The linear regression model with “underspecification”

Summary

  • Setup: random sample \(\left( y_i,x_i \right)\) for \(i=1, \ldots ,n\) where \(x_i\) is a scalar
  • True relation ( \(β_3≠0\) ):

\[E\left( y_i \mid x_i \right)=β_2x_i+β_3x_i^2\]

  • Marginal effect:

\[ \frac{dE\left( y_i \mid x_i \right)}{dx_i}=β_2+2β_3x_i\]

  • We believe incorrectly that \(β_3=0\) and that

\[E\left( y_i \mid x_i \right)=β_2x_i\]

  • We believe that in the model

\[y_i=β_2x_i+ε_i\]

  • the exogenous assumption is satisfied,

\[E\left( ε_i \mid x_i \right)=0\]

  • but this is wrong. In fact:

\[E\left( ε_i \mid x_i \right)=E\left( y_i-β_2x_i \mid x_i \right)=β_3x_i^2\]
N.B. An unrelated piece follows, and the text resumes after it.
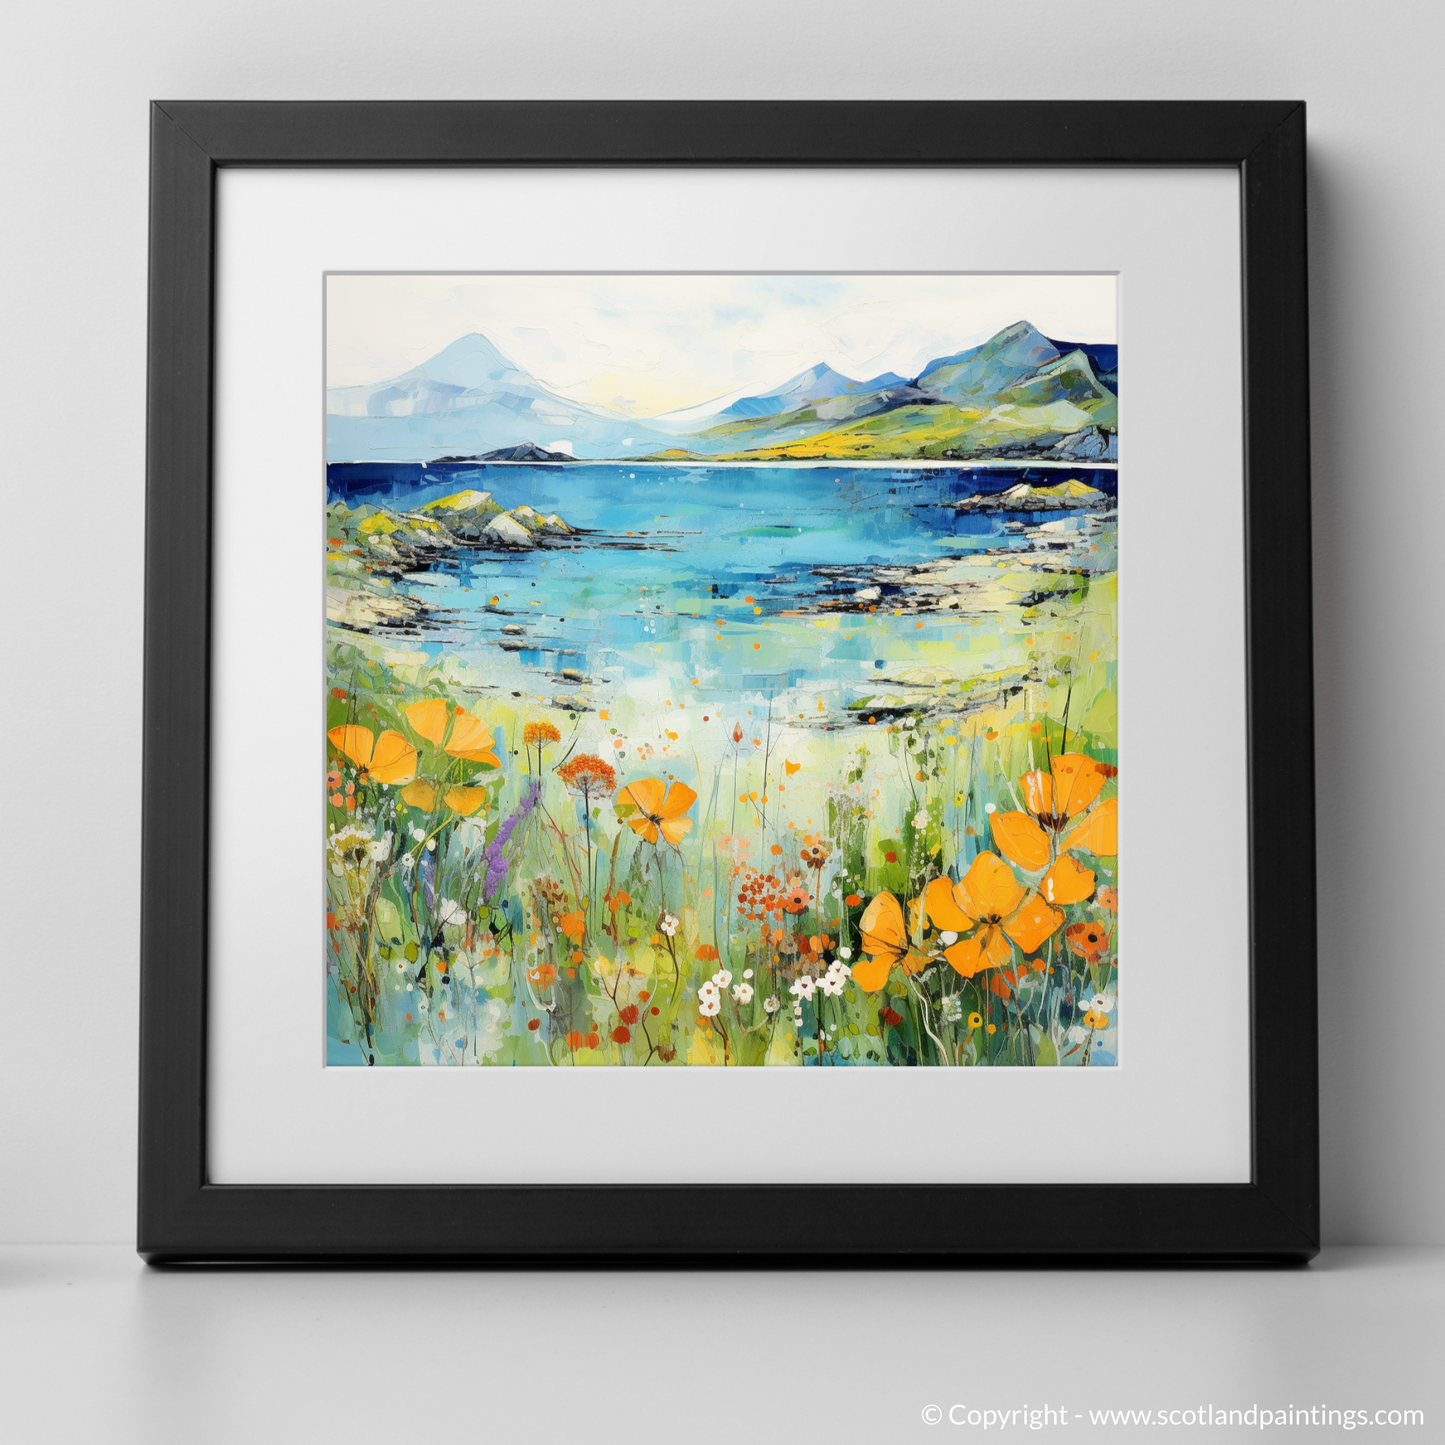 Art Print of Isle of Raasay, Inner Hebrides in summer with a black frame
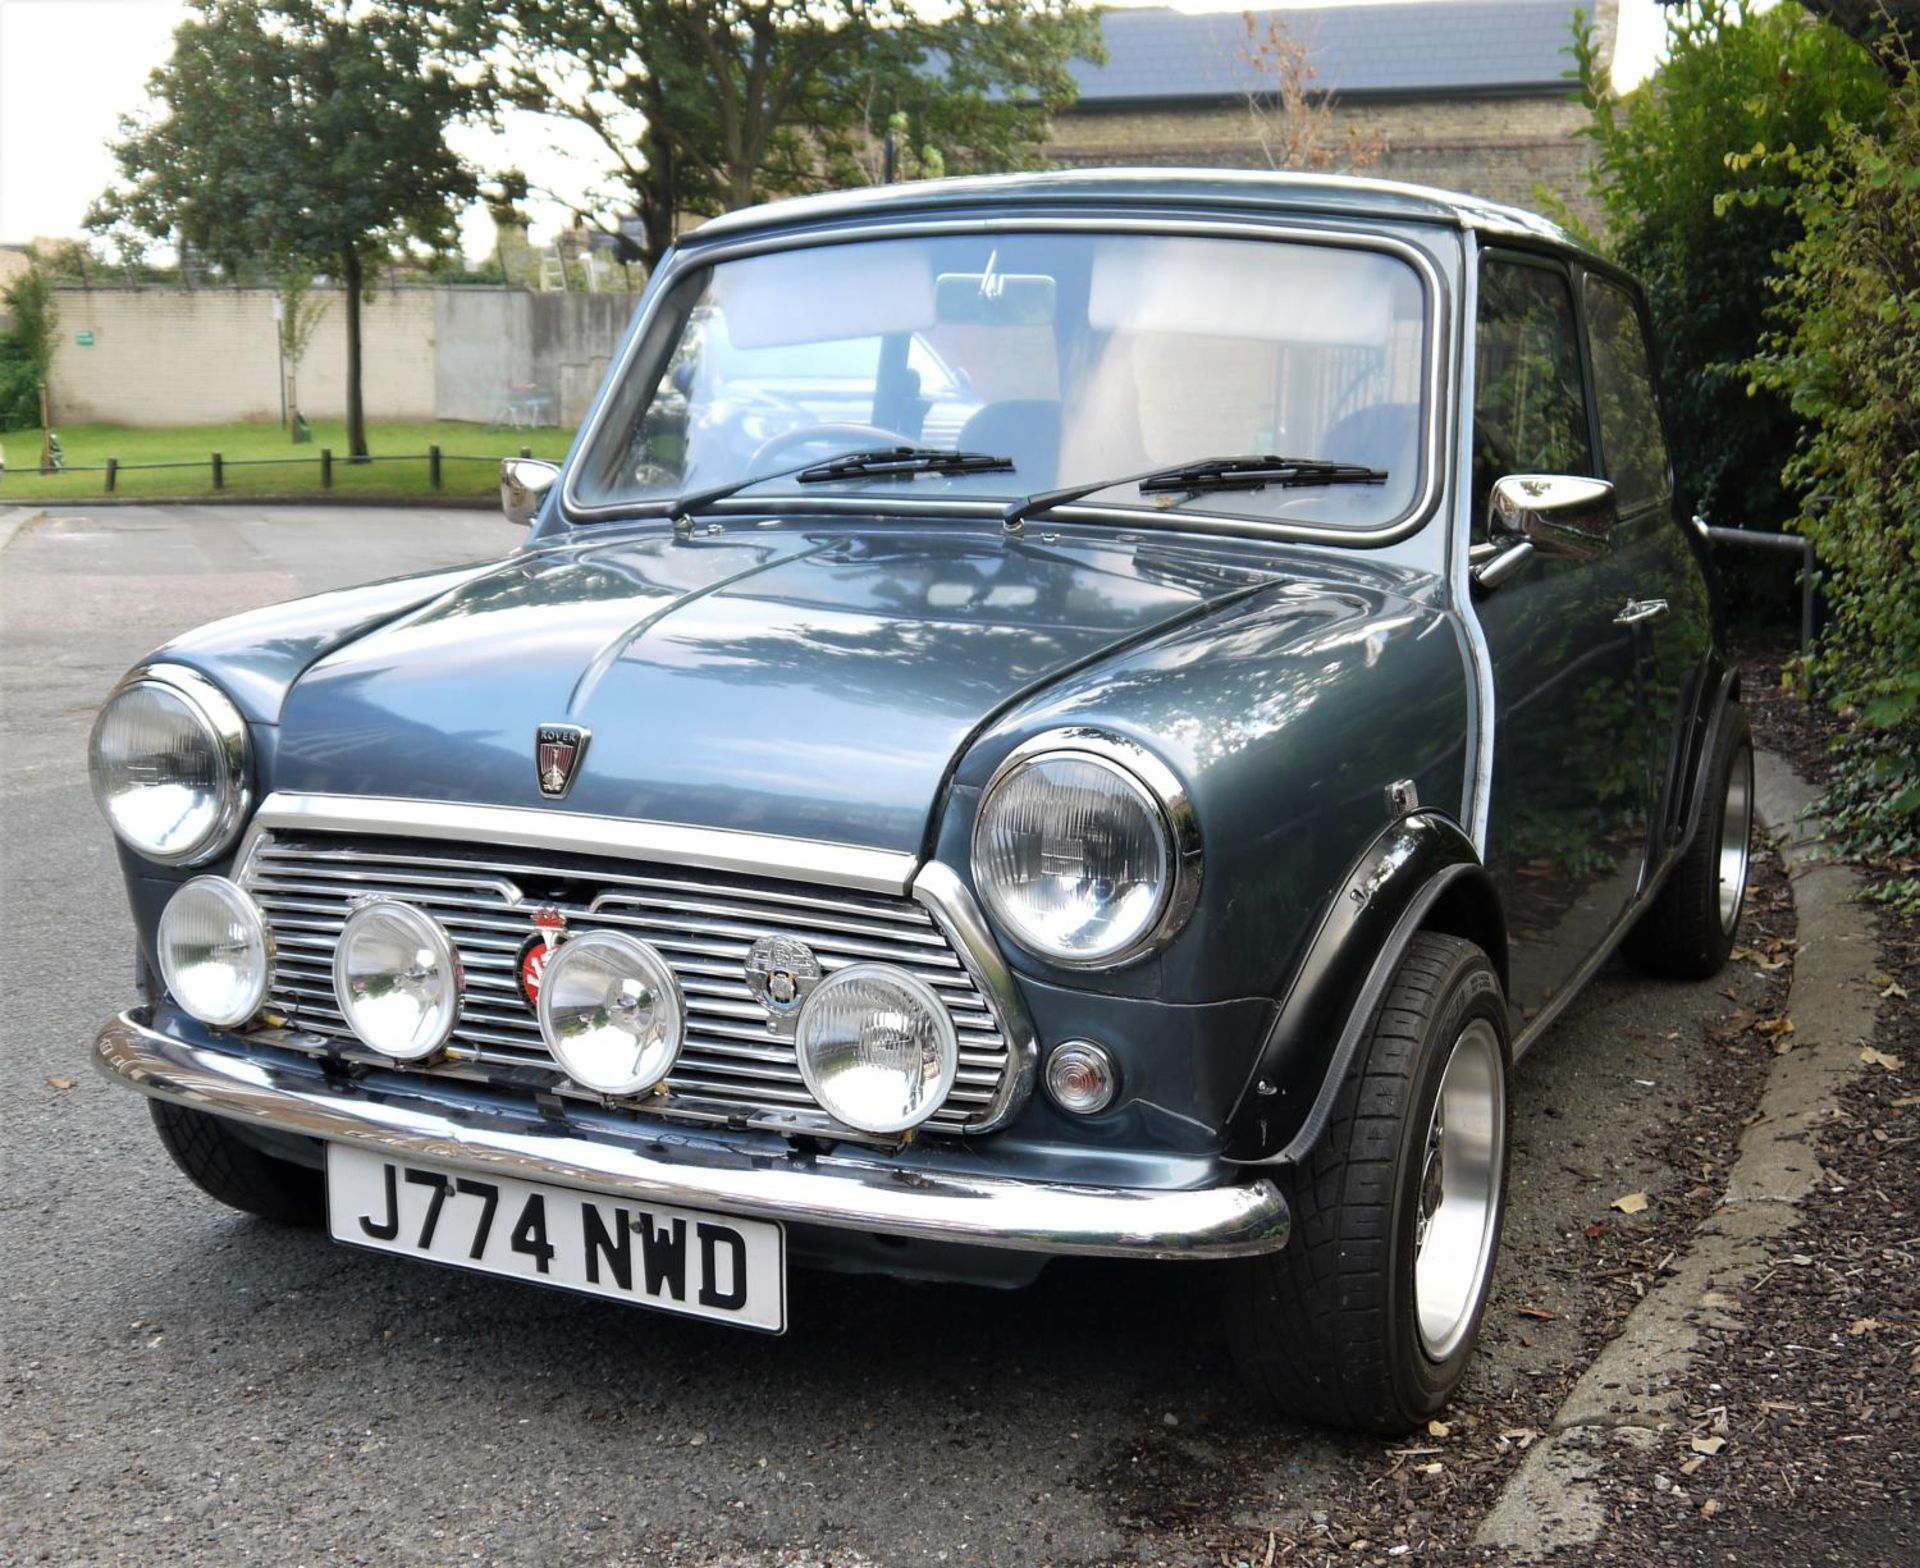 1991 ROVER MINI NEON Registration Number: J774 NWD Recorded Mileage: 58,000 miles Chassis Number: - Image 5 of 24

  • The \(x\) -variable is correlated with the error term and it is endogenous .
  • For the OLS estimator of \(β_2\) :

\[b_2= \frac{∑x_iy_i}{\sum{ x_i^2 }}\]

  • we have

\[E\left( b_2 \mid x \right)=β_2+β_3 \frac{\sum{ x_i^3 }}{\sum{ x_i^2 }}\]

  • \(b_2\) is not an unbiased or consistent estimator of \(β_2\) or the marginal effect – it does not estimate anything of interest .
  • We say that our model \(y_i=β_2x_i+ε_i\) is misspecified , it is missing the \(x_i^2\) variable.